[TASK DIRECTIONS] Restate word for word the lines below that run from the one holding "Кофейный столик Art" through the one holding "Dolce & Gabbana Multicolor", inclusive. Pictures don't belong in the copy.

[PROVIDED RECORDS]
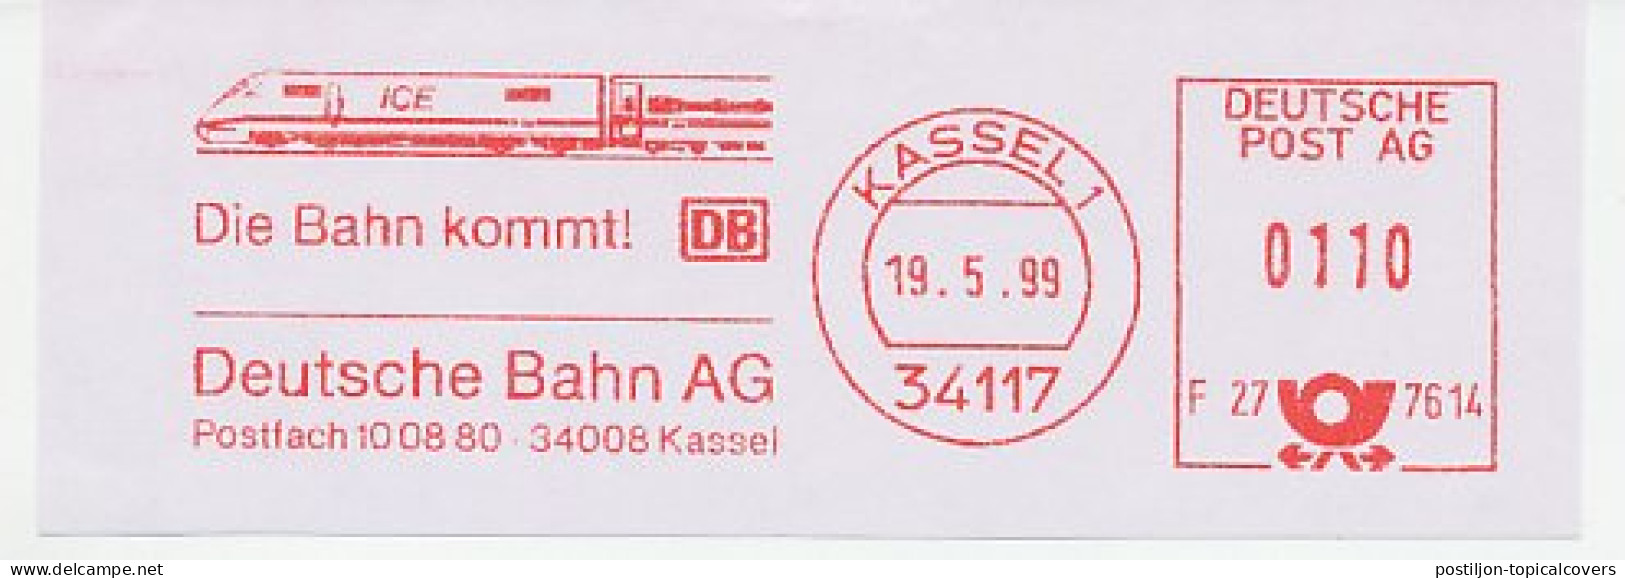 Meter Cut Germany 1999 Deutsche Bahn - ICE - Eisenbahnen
...
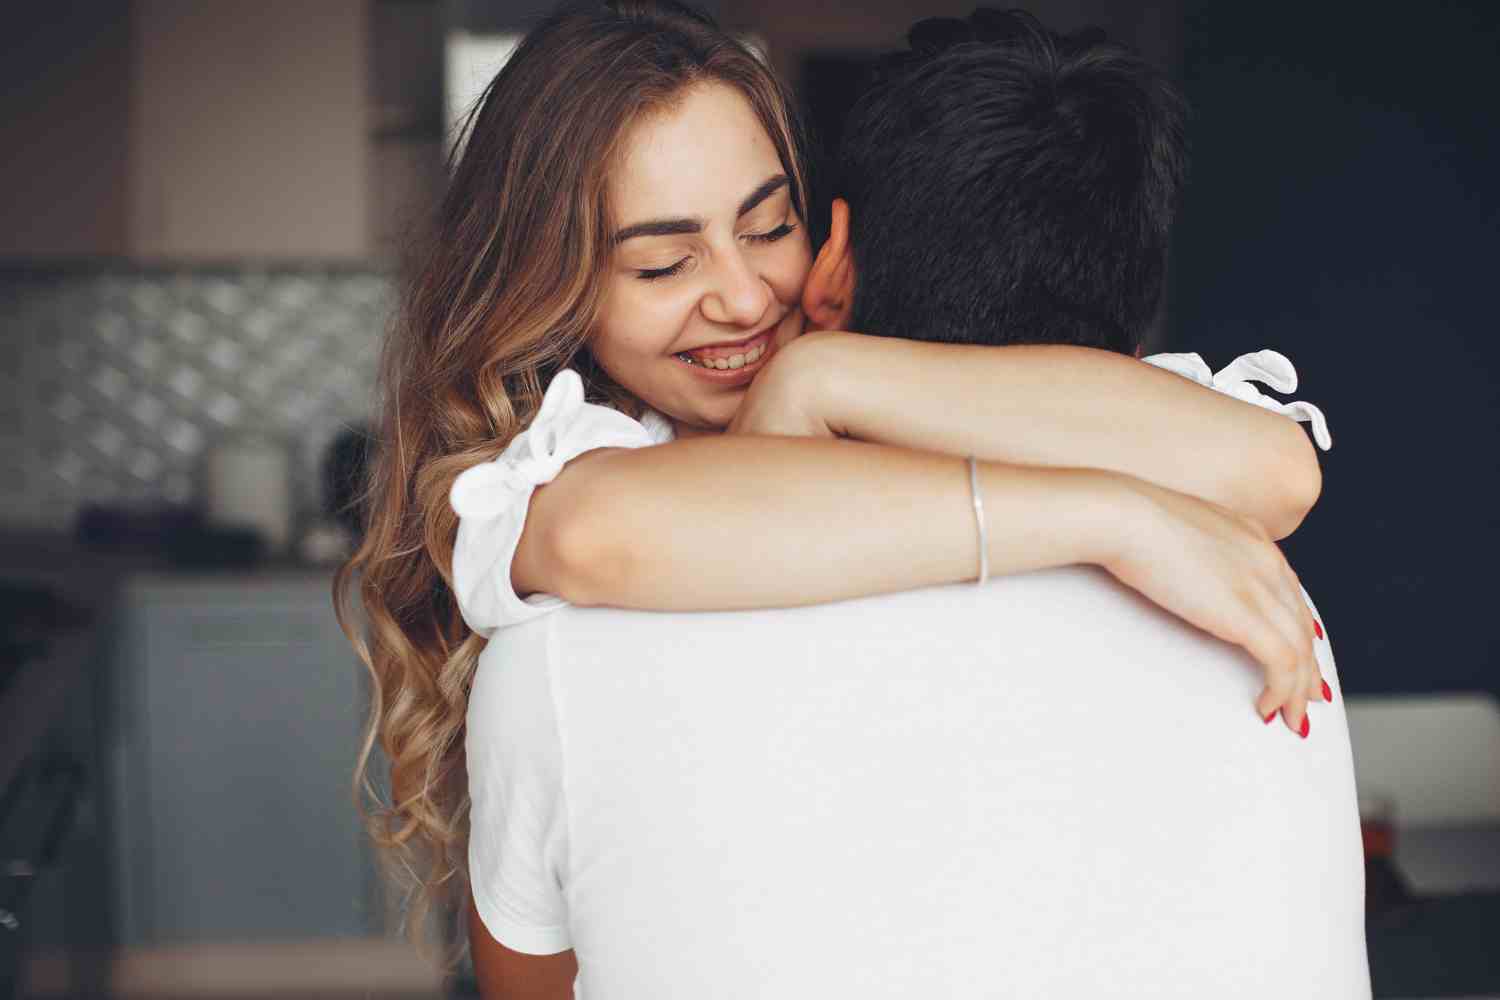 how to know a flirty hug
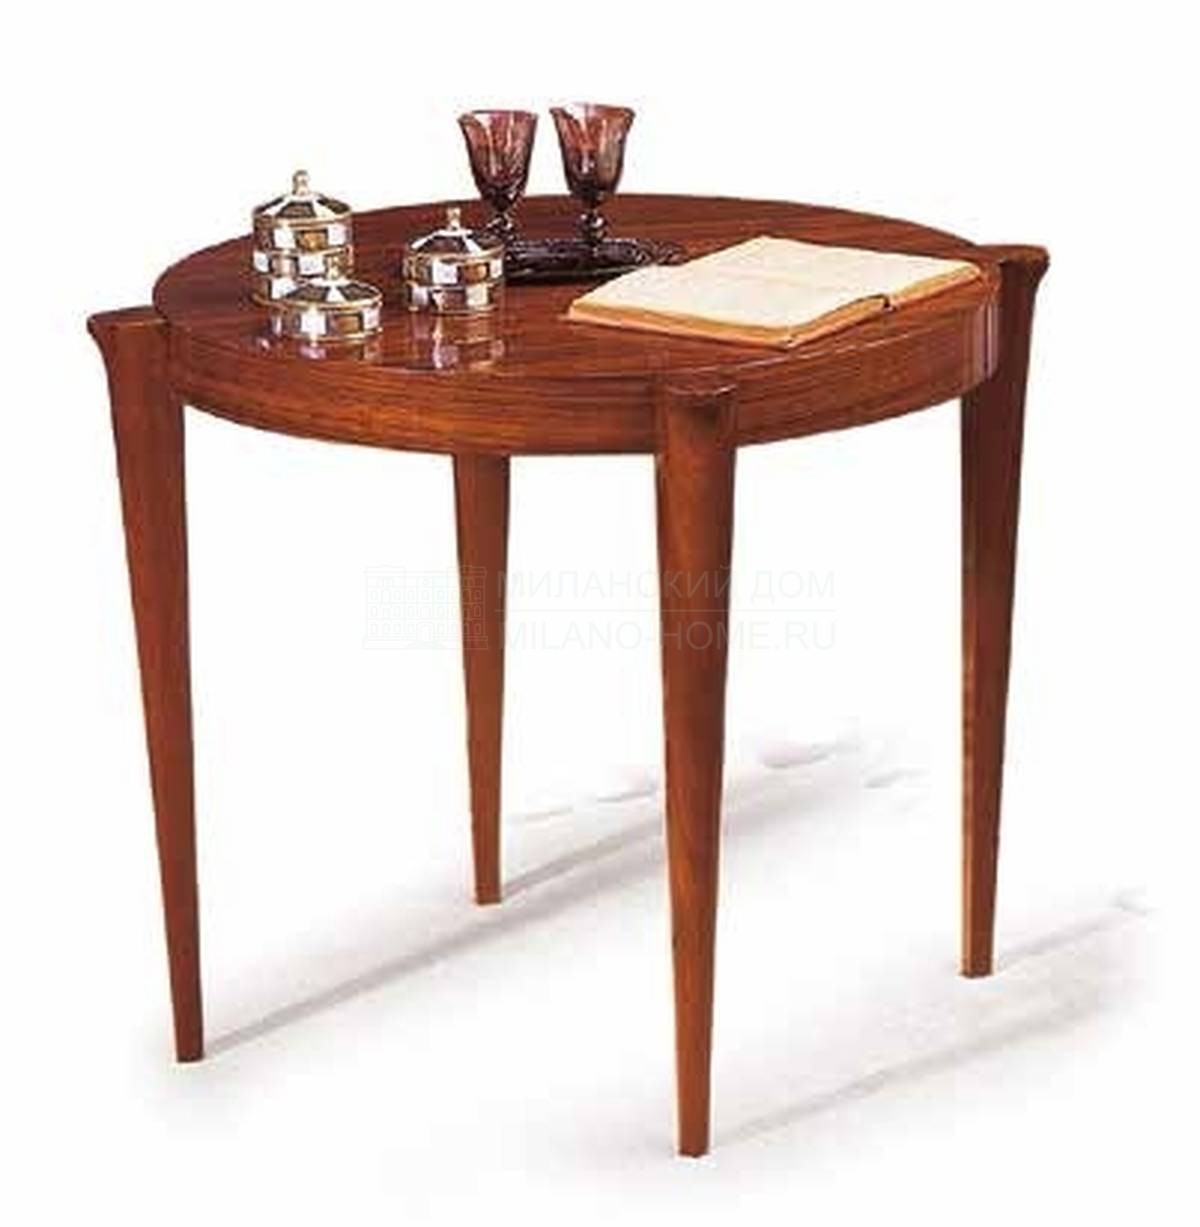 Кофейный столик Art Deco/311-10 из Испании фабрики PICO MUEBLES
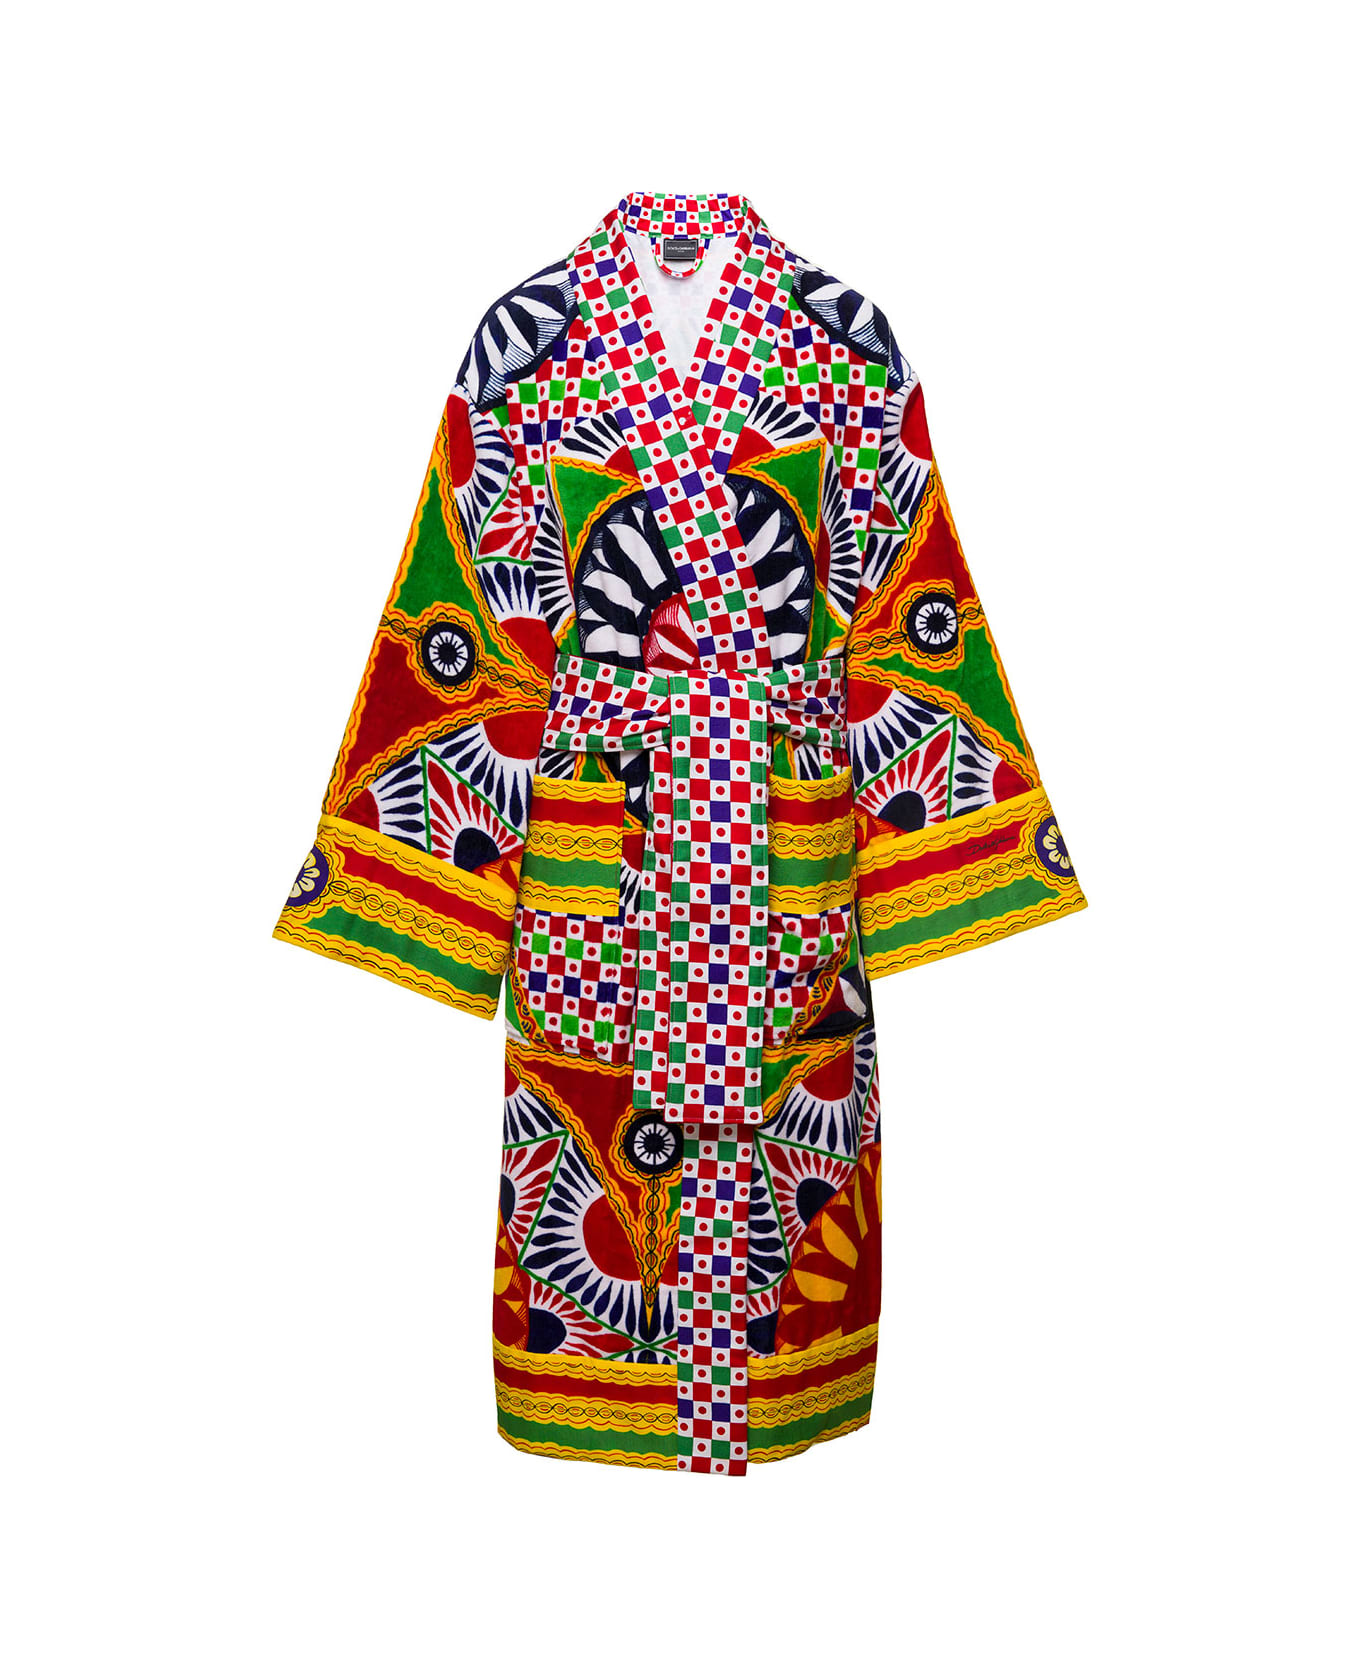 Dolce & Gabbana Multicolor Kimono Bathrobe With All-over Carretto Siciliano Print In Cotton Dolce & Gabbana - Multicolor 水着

[YOUR SOLUTION]
 Кофейный столик Art Deco/311-10 из Испании фабрики PICO MUEBLES
 Dolce & Gabbana Multicolor Kimono Bathrobe With All-over Carretto Siciliano Print In Cotton Dolce & Gabbana - Multicolor 水着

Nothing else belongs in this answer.